Of course in real life we all get wake-up calls. We may think we’re really in shape, until we meet someone who actually is. We may think we’re really fast, until we actually run a race. We may thing we’re super-skilled until the thing we’re responsible for doing simply crashes & burns. But if we’re only surrounded by peers who graduated in our same ‘class’ — well, by gosh, we’ve ALL got electrolytes!!
I have a BA and a JD, and I wish I hadn’t bothered with postsecondary education at all…. or chosen a technical option.
“Gallup asked respondents whether they received a “high-quality” education, and they answered overwhelmingly in the positive….. They just don’t know what actual excellence is.”
Very true, and very simple to understand. This is like asking drug addicted Citizens to vote on the legalization of their drug. The response is predictable in both cases.

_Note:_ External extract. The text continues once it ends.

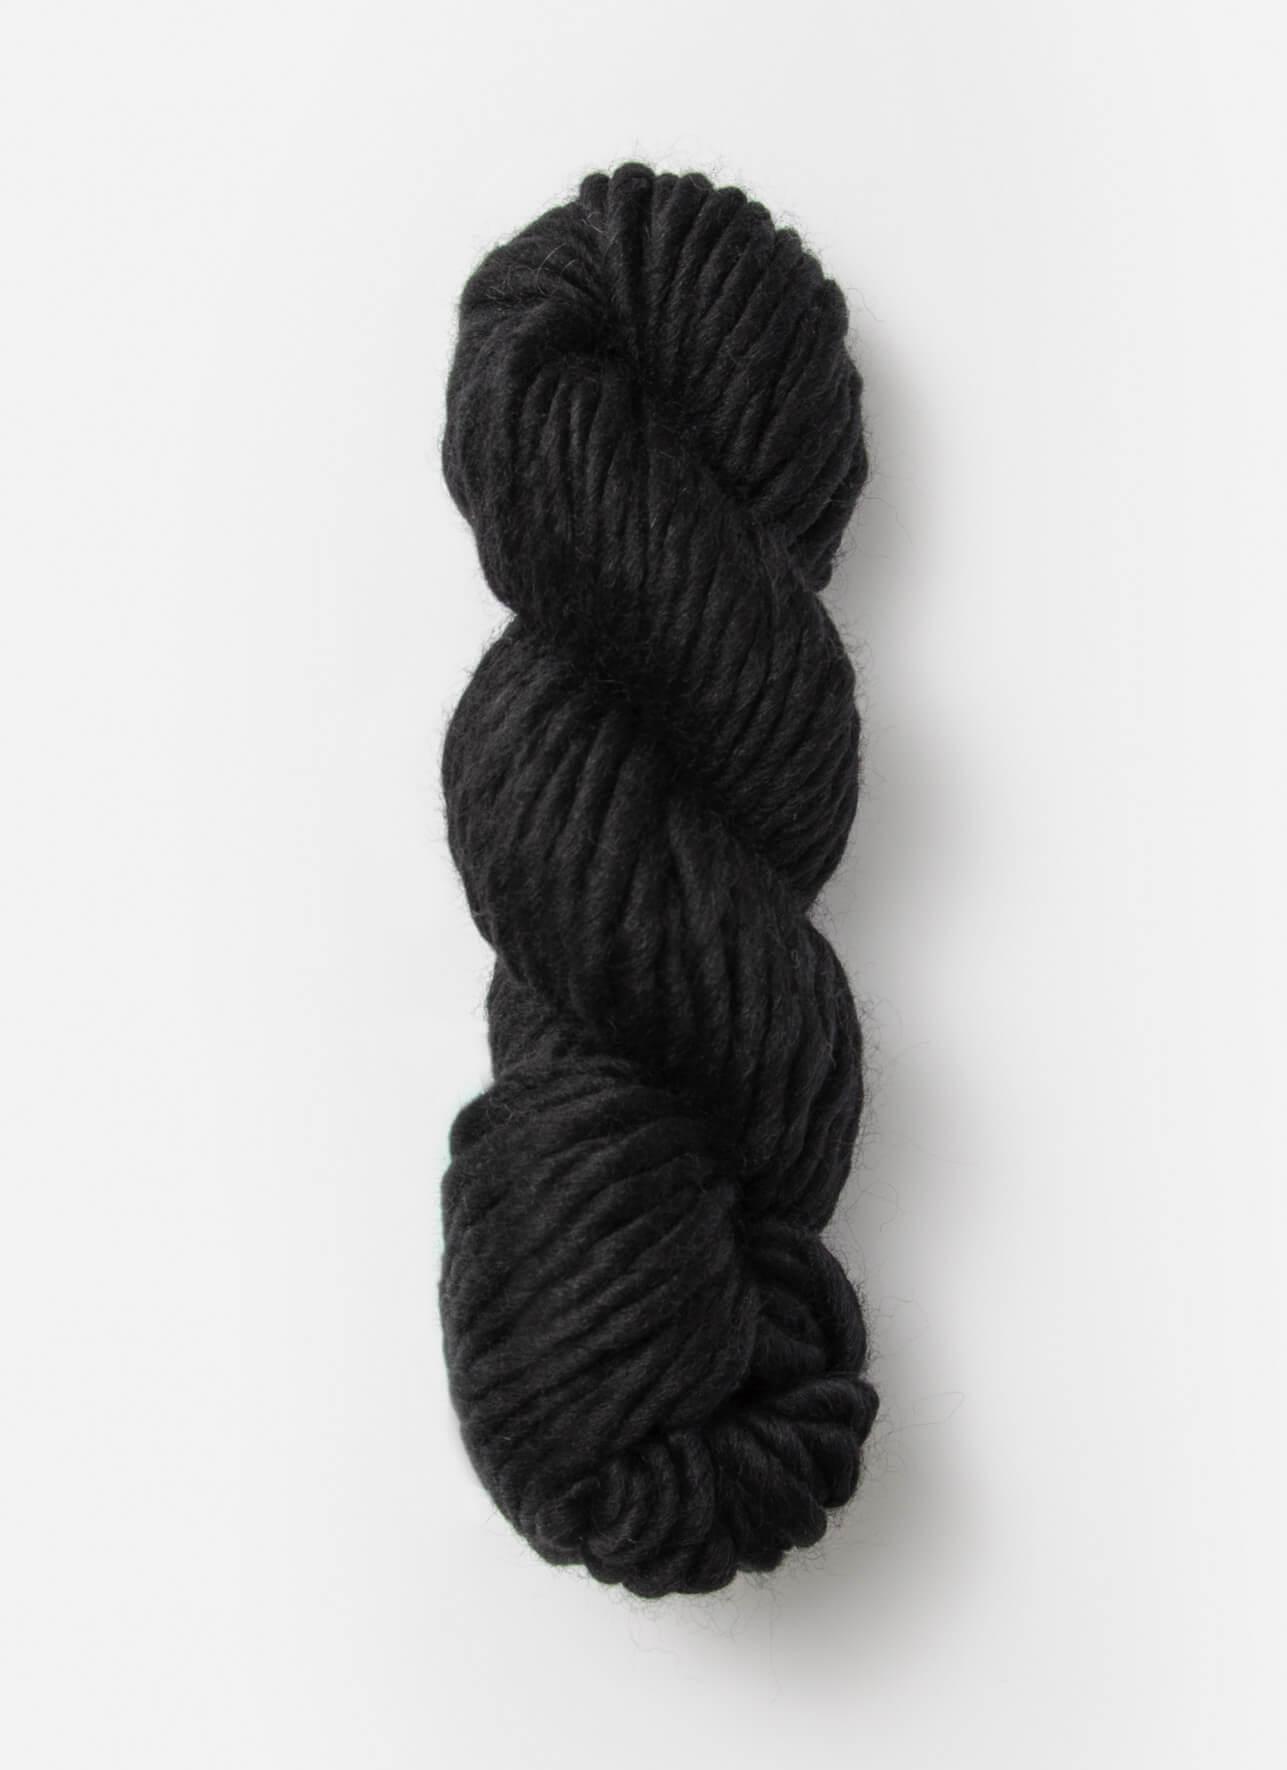 No. 1008: Black Bear

This hits the nail right on the head: most young Americans have been badly served by educators who keep telling them that they’re doing wonderfully. That boosts the kids’ egos and makes the teachers popular. I used to have students who couldn’t write as well as most fourth graders used to, but after getting back an essay with lots of corrections (such as mistaking there and their), I’d hear them complain, “But my teachers always said I was a really good writer.” And because they’ve been conditioned to expect high grades for poor work in their K-12 years, naturally they demand that college treat them similarly. Most schools are happy to oblige.
They are very good at politely believing whatever those in authority tell them to believe, they are very good at being members of the herd.
That is what they have been graded on, and that is what they learned to do.